▸ RECORDS SUPPLIED:
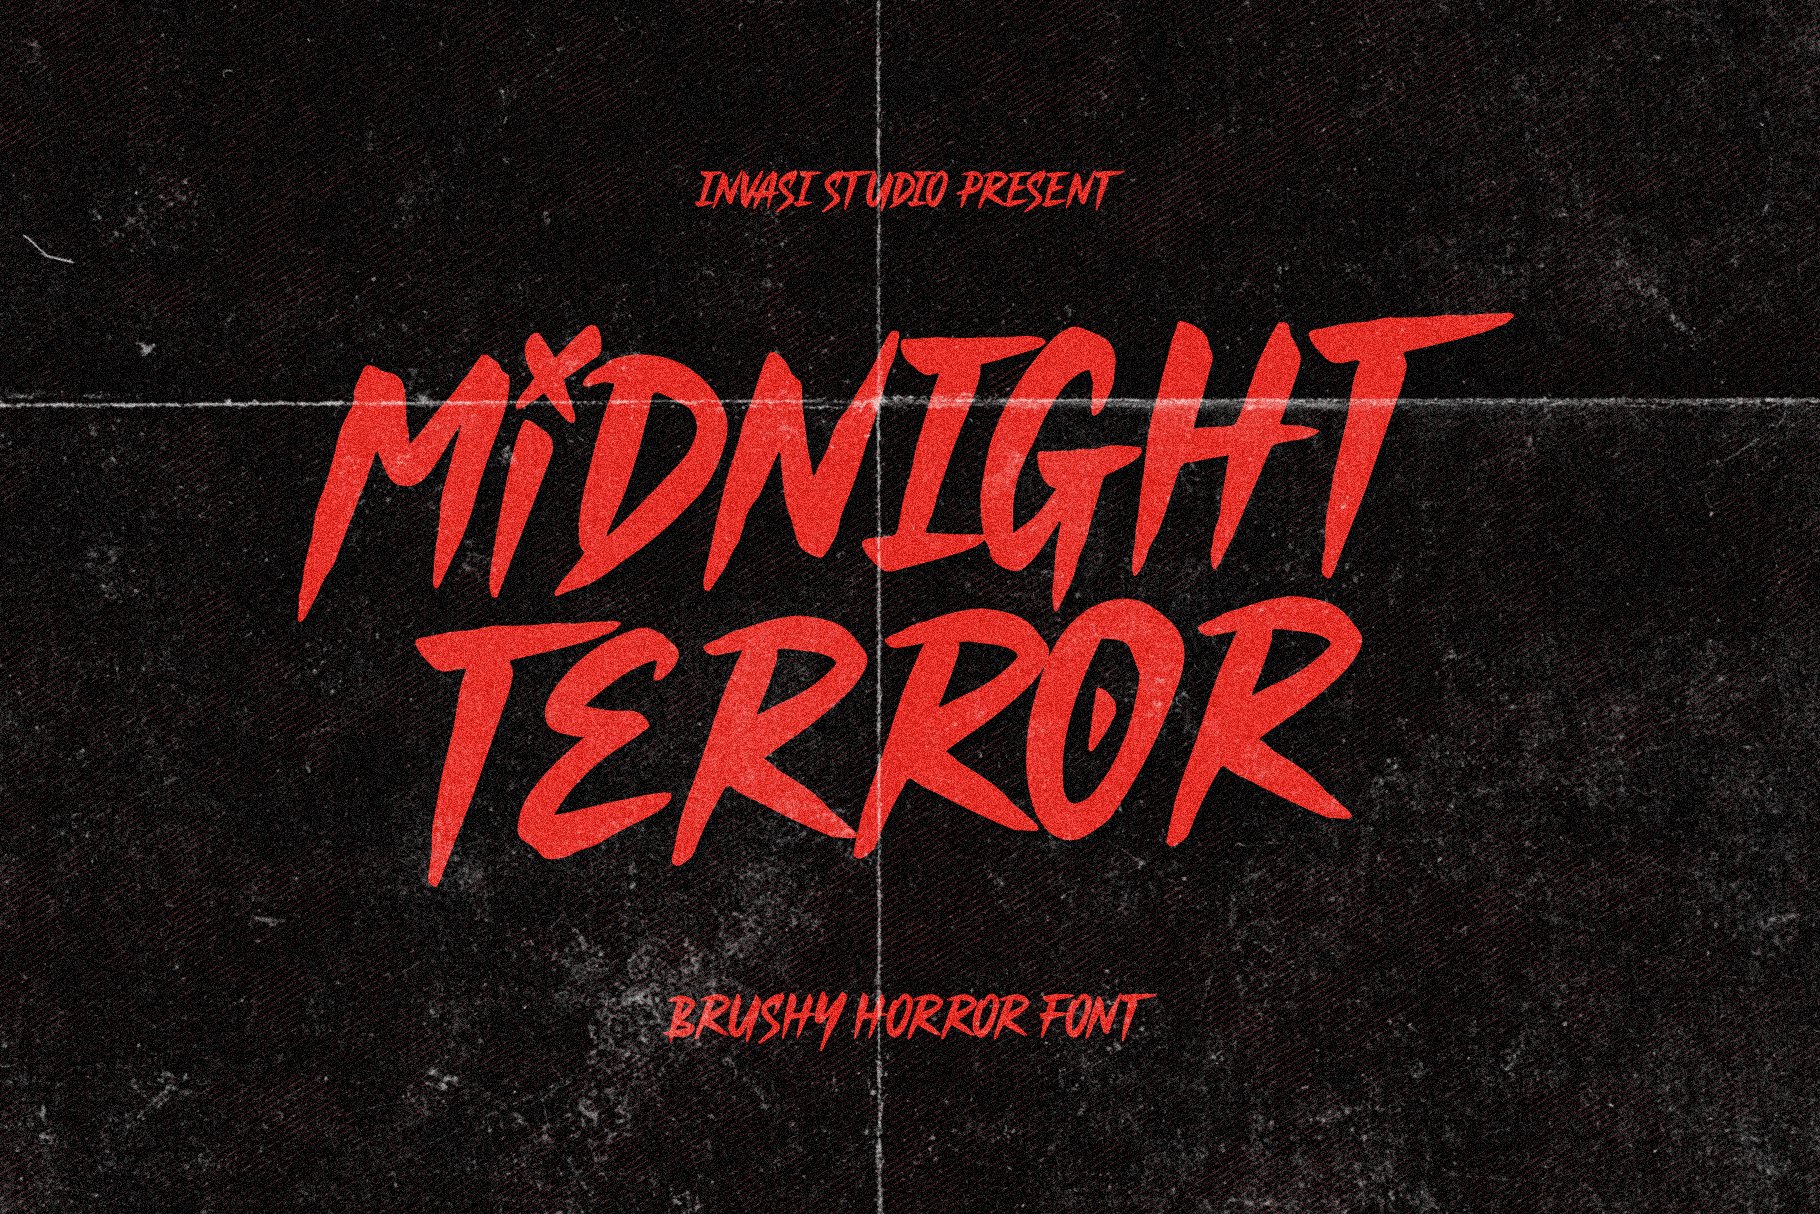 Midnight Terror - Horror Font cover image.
* * *
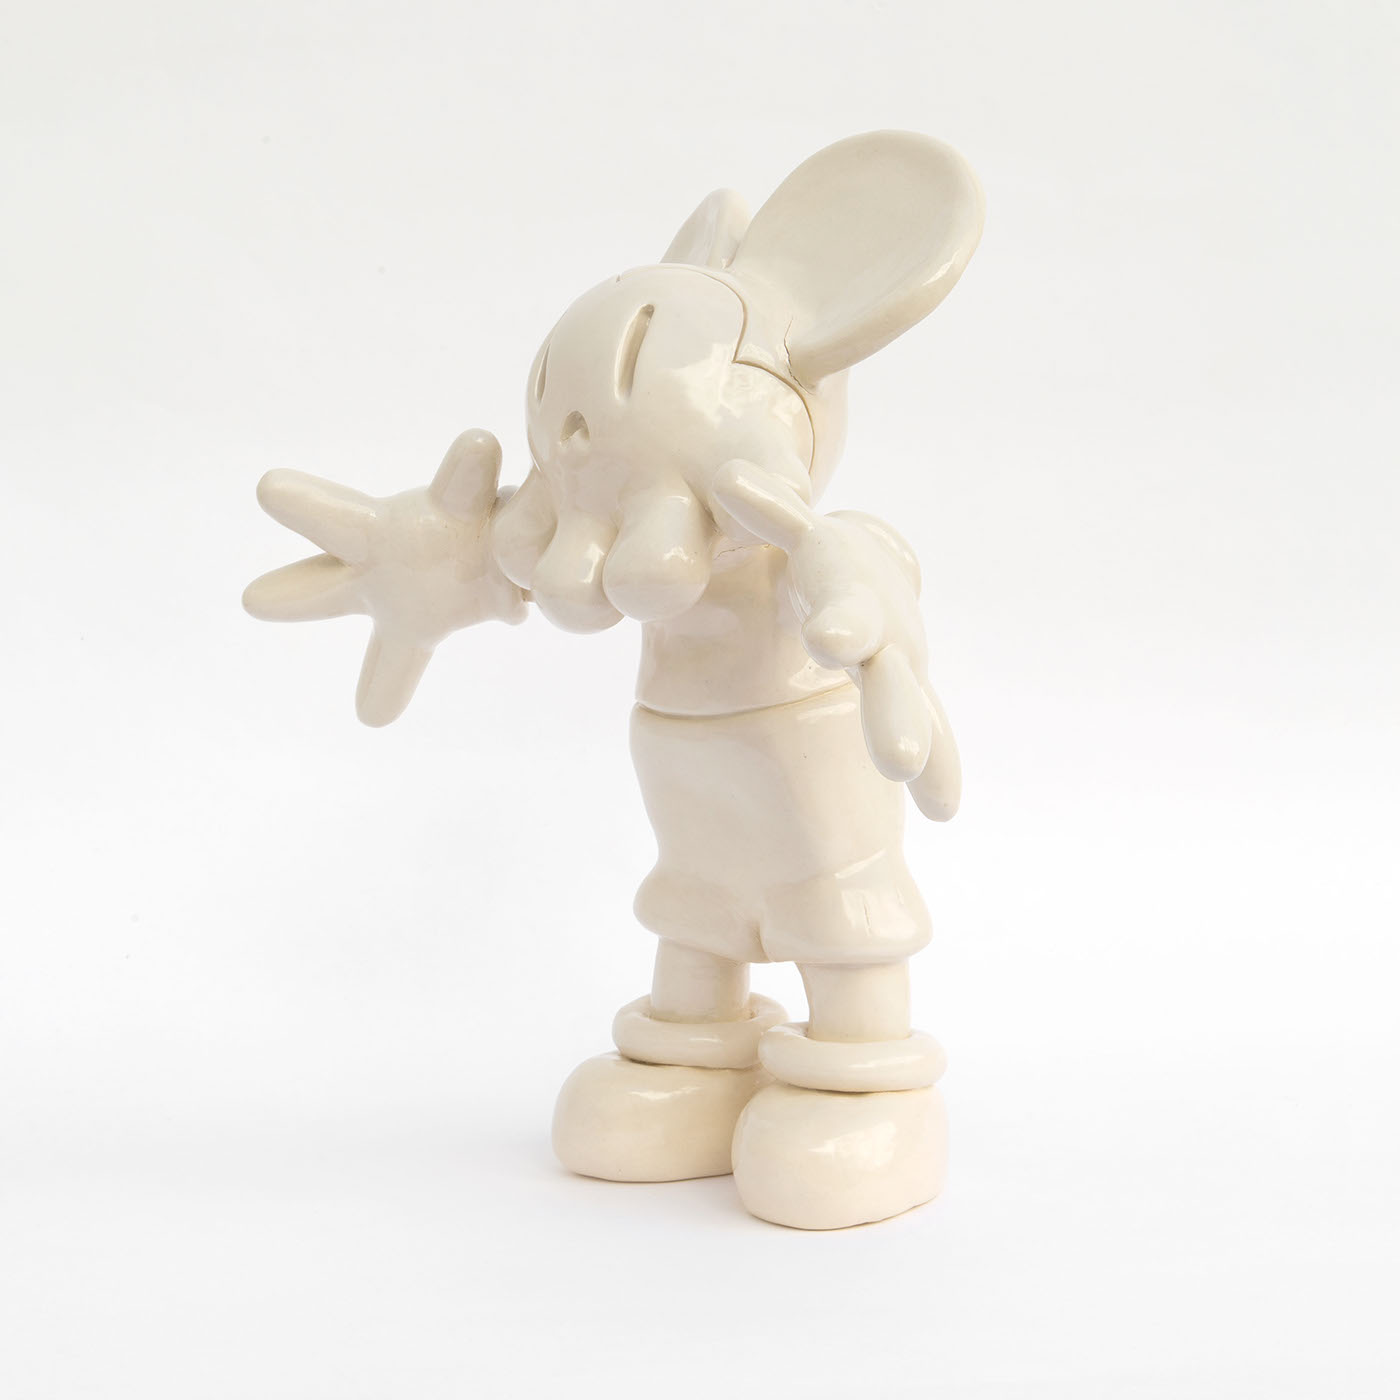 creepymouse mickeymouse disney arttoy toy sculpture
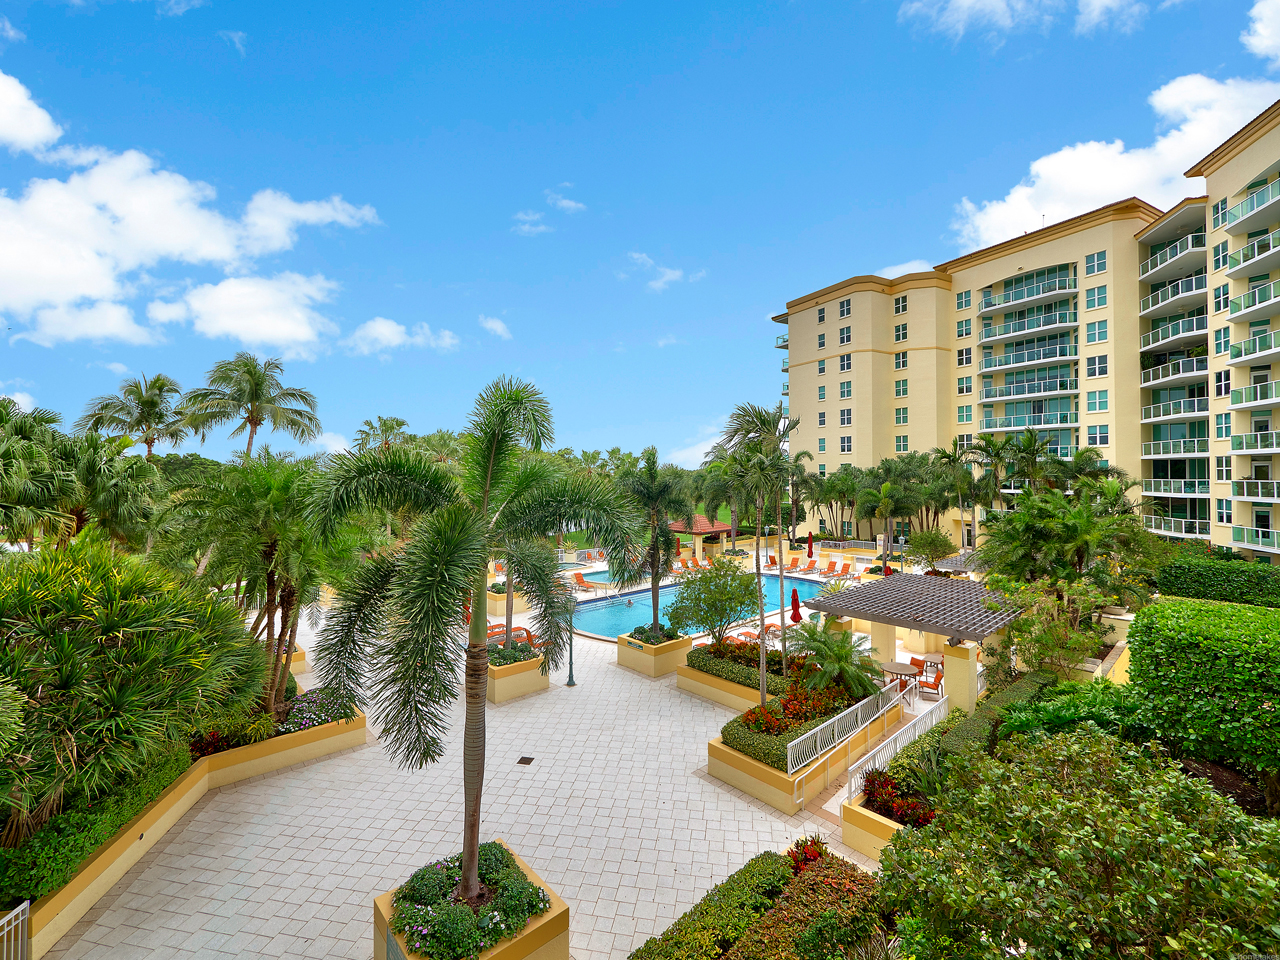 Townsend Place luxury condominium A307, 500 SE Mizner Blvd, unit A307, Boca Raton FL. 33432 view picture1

▸ TASK TO COMPLETE: Output exactly those lines of the data above that run from the line with "creepymouse mickeymouse disney" up to and including the line with "Townsend Place luxury". No pictures go in.

▸ TASK RESULT:
 creepymouse mickeymouse disney arttoy toy sculpture
 Townsend Place luxury condominium A307, 500 SE Mizner Blvd, unit A307, Boca Raton FL. 33432 view picture1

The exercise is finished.